Sunday, August 30, 2015

A Quick Run Around the Web -- August 30, 2015


China has bungled its attempt to slow the economy gently and is sliding into “imminent recession”, threatening to take the world with it over coming months, Citigroup has warned.
Willem Buiter, the bank’s chief economist, said the country needs a major blast of fiscal spending financed by outright "helicopter" money from the bank to avert a deepening crisis. 
Speaking on a panel at the Council of Foreign Relations in New York, Mr Buiter said the dollar will “go through the roof” if the US Federal Reserve lifts interest rates this year, compounding the crisis for emerging markets.

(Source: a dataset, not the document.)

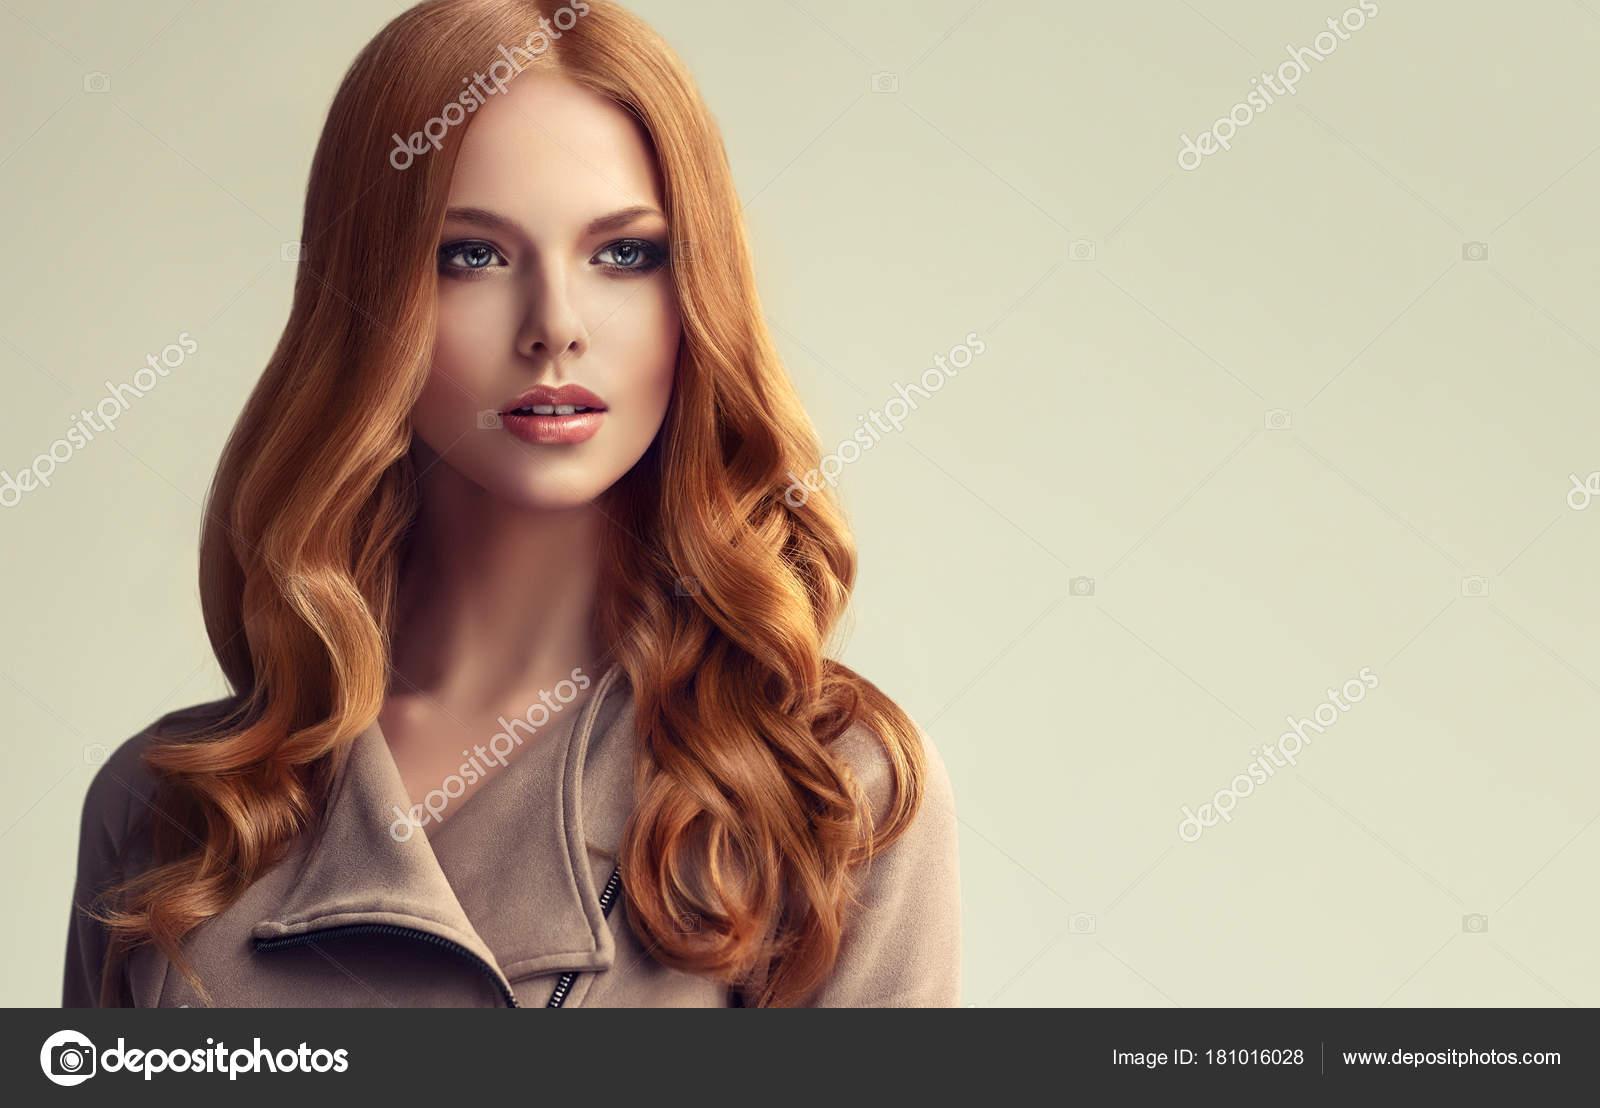 Red Hair Girl Long Shiny Curly Hair Beautiful Model Woman — Stock Photo

Professor Zhiwu Chen from Yale University told the same event that China will be doing well if it can contain its slow-motion crisis to mere stagnation for the next 10 years, given the dangerous levels of debt in the system.
 
“If the Chinese government is able to manage a Lost Decade with very low growth - or no growth - without an economic crisis, it will be a policy achievement,” he said. 
Prof Chen said a Western-style financial collapse in China is “highly unlikely” since the banks are largely government-owned and losses will be absorbed by the state. 

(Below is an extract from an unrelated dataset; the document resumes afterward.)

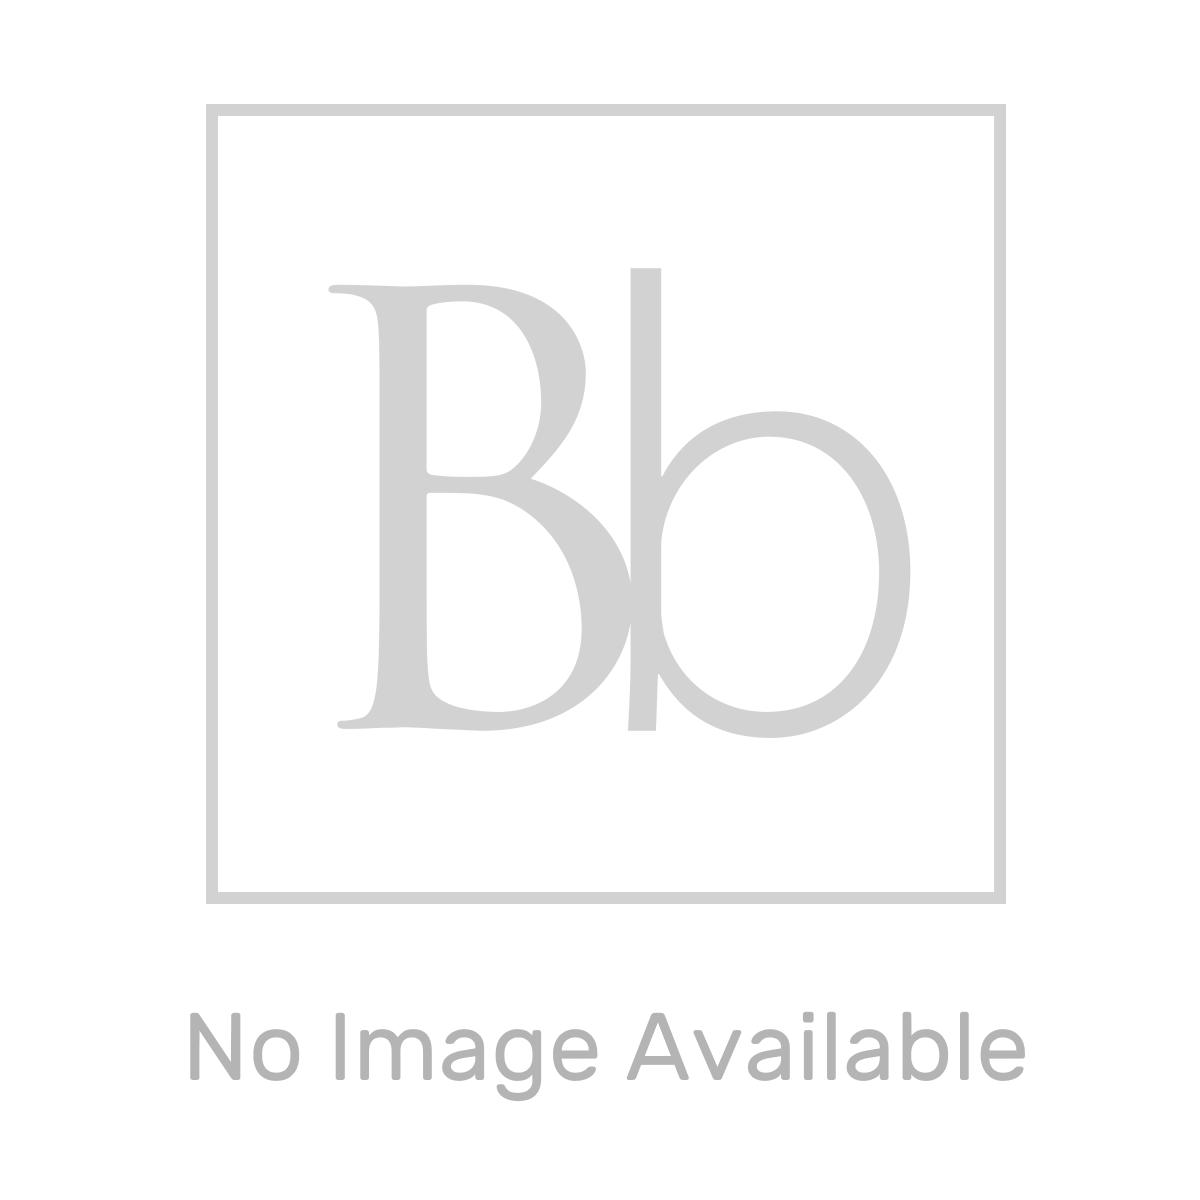 Aquadart Black Slate Shower Tray 1200 x 900

There is a loose parallel with Japan, where the economy slid into a deflationary quagmire and lost its economic dynamism but never suffered a full-blown financial crash. In Japan’s case the denouement was averted by keeping "zombie banks" on life-support. 

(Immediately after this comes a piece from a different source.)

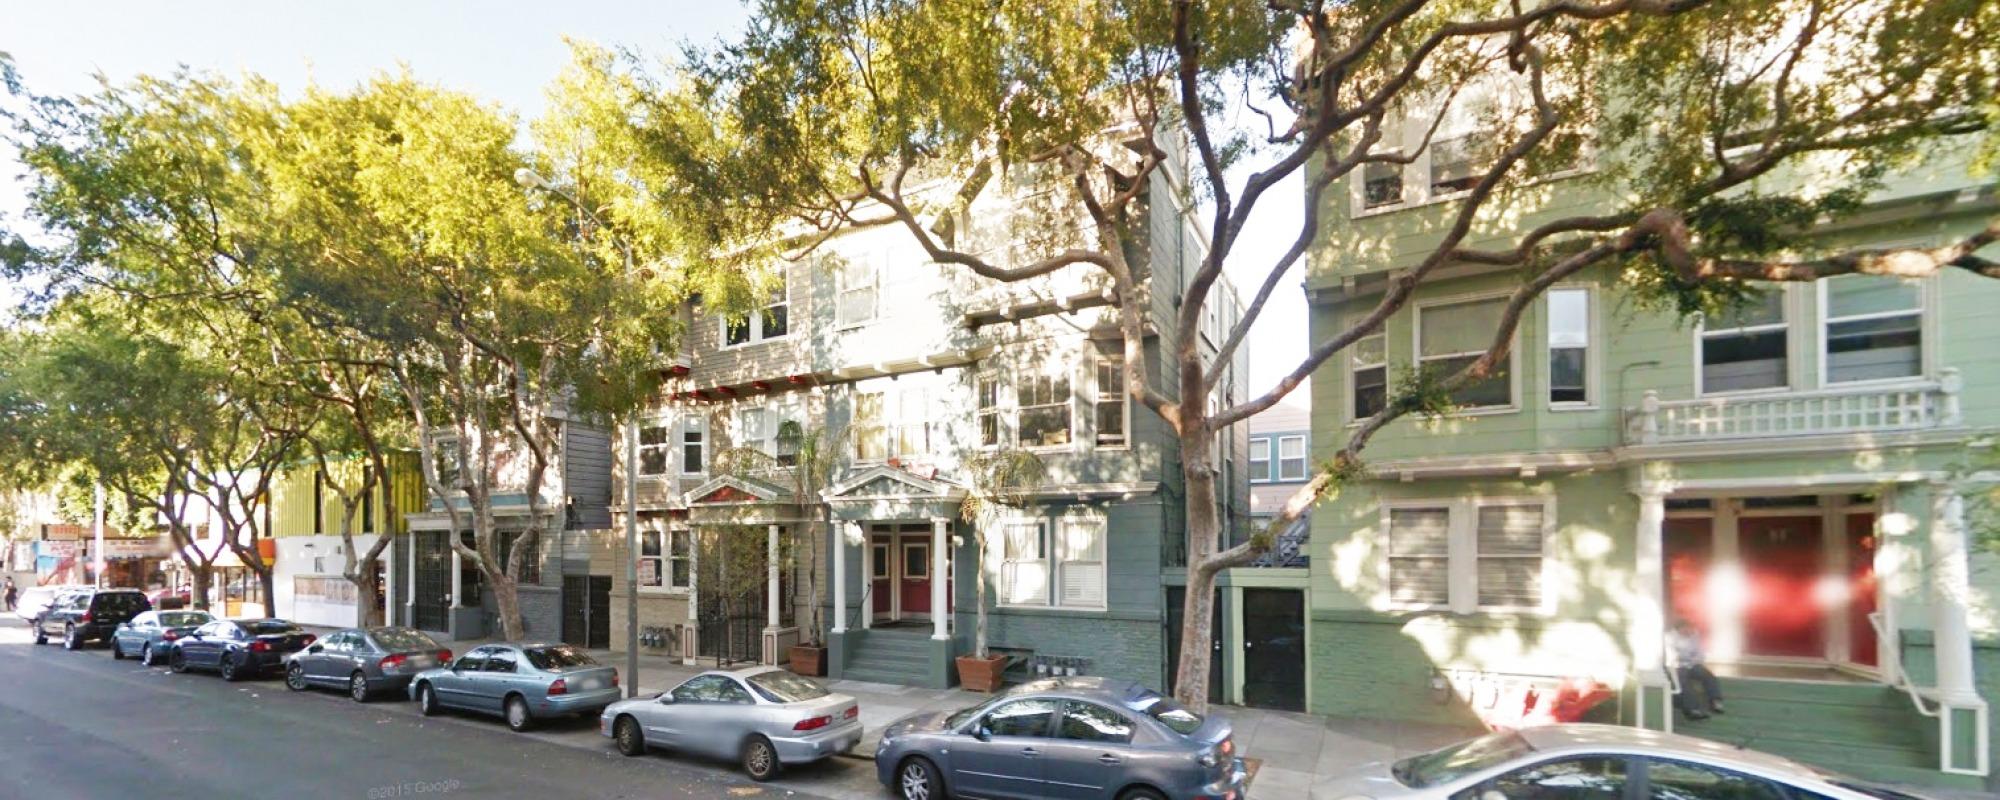 Folsom Street Streetscape Improvement Project

The colourful Mr Buiter - a former UK rate-setter - said China has bungled both fiscal and monetary policy, and is now “sliding into recession”. This would be fall in growth to less than 4pc on the “mendacious” figures published by Beijing, but in reality lower. 
 “They will respond too late to avoid a recession, which is likely to drag the global economy with it down to a global growth rate below 2pc, which is in my definition a global recession,” he said.